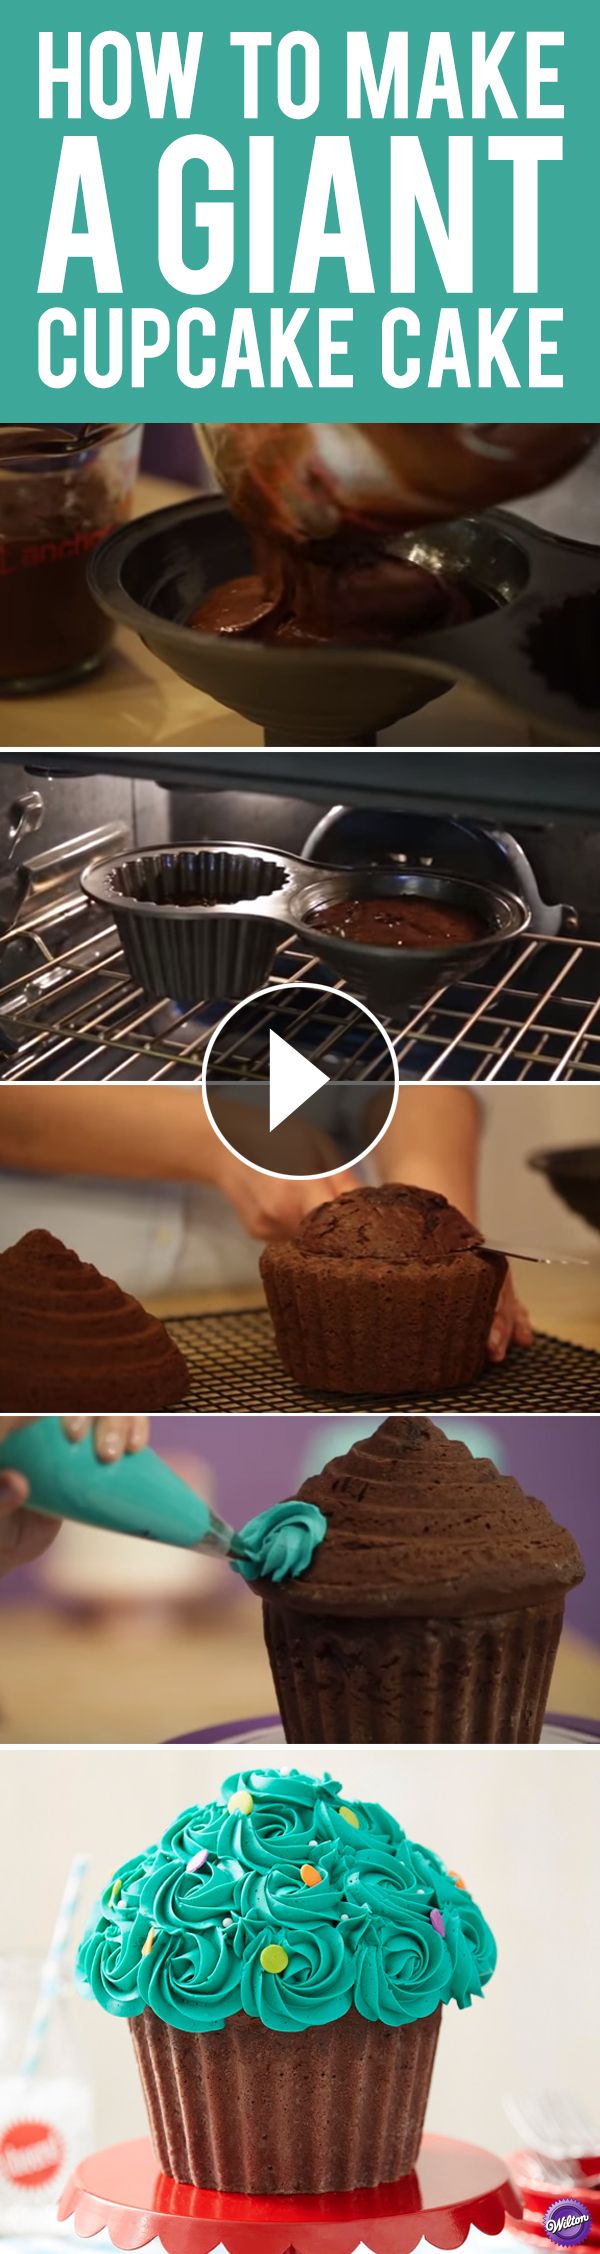 Wilton Cupcake Cake Pan Baking Instructions
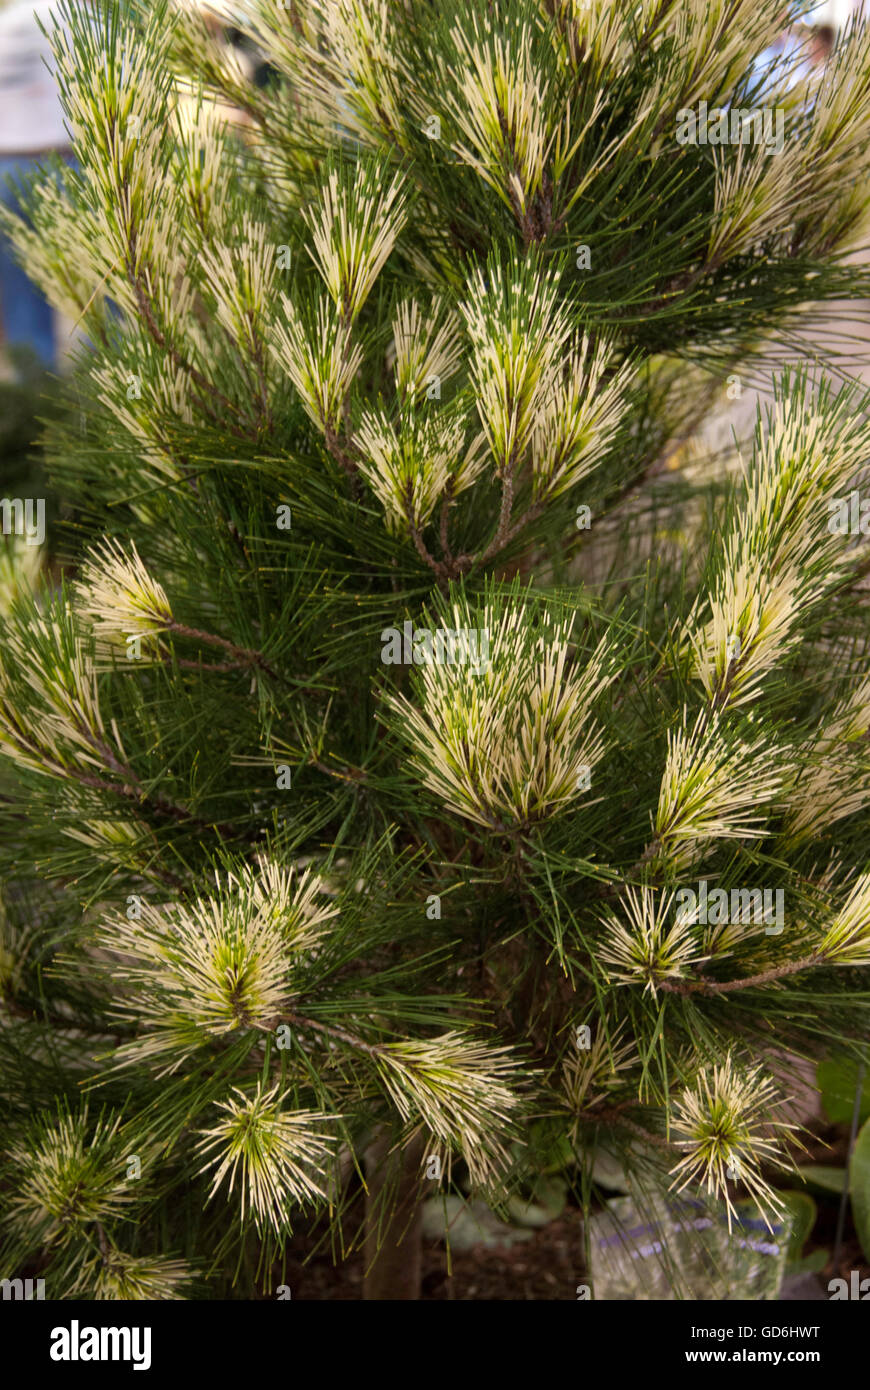 Pinus densiflora 'Oculus draconis'., Dragon's Eye Pine Stock Photo
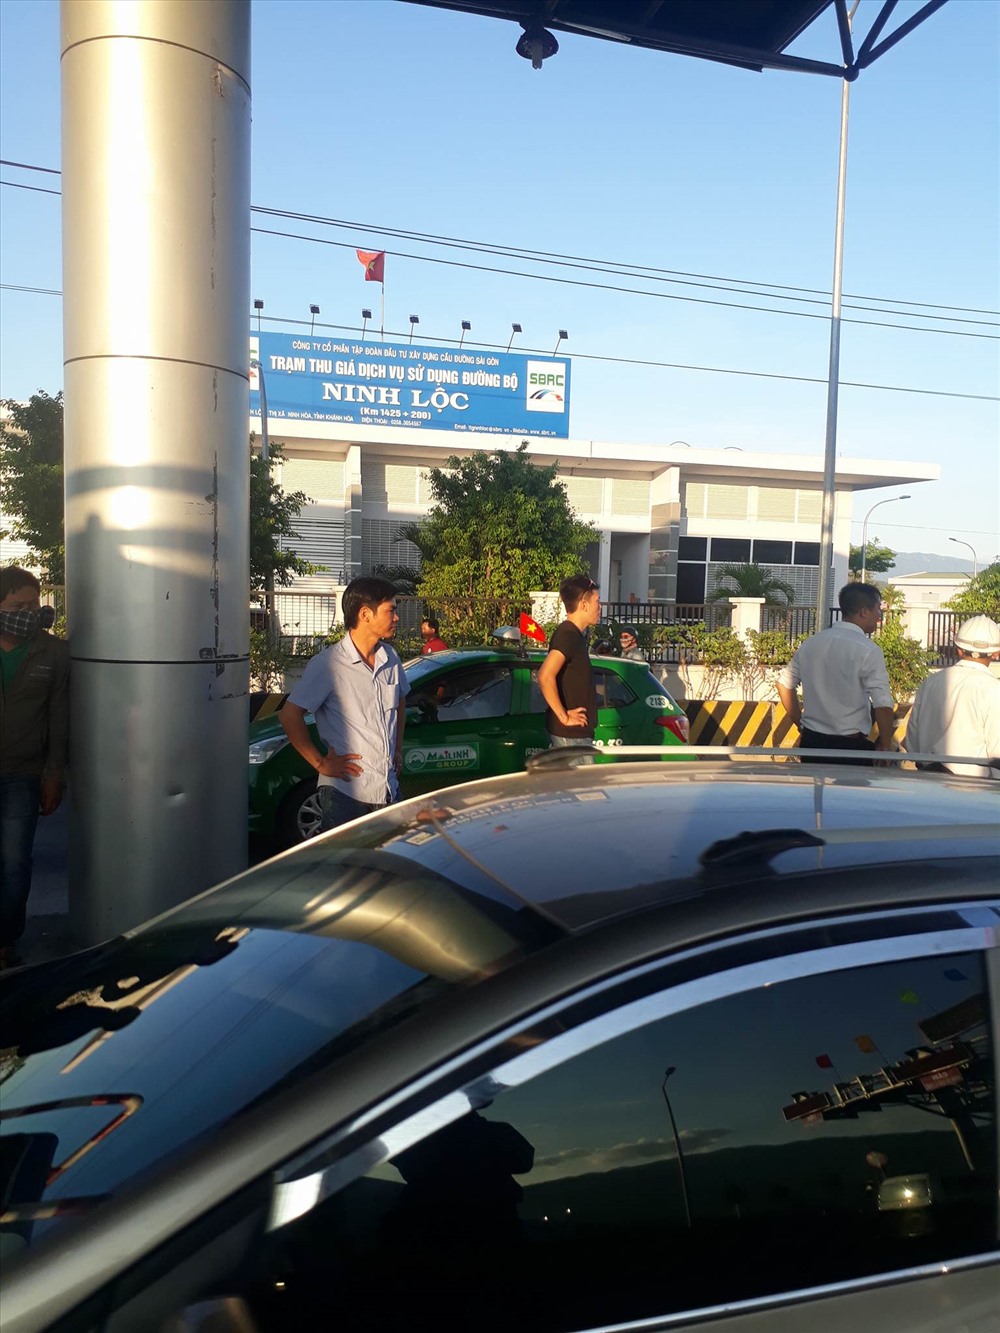 Tài xế dừng xe yêu cầu BOT Ninh Lộc giải thích về việc miễn, giảm vé.

══════════════════════════════

> **HOW TO COMPLETE THIS TASK**
Everything in the listing above, apart from its pictures, must be repeated exactly.

> **RESPONSE TO THIS EXERCISE**
 Wilton Cupcake Cake Pan Baking Instructions
 Pinus densiflora 'Oculus draconis'., Dragon's Eye Pine Stock Photo
 Tài xế dừng xe yêu cầu BOT Ninh Lộc giải thích về việc miễn, giảm vé.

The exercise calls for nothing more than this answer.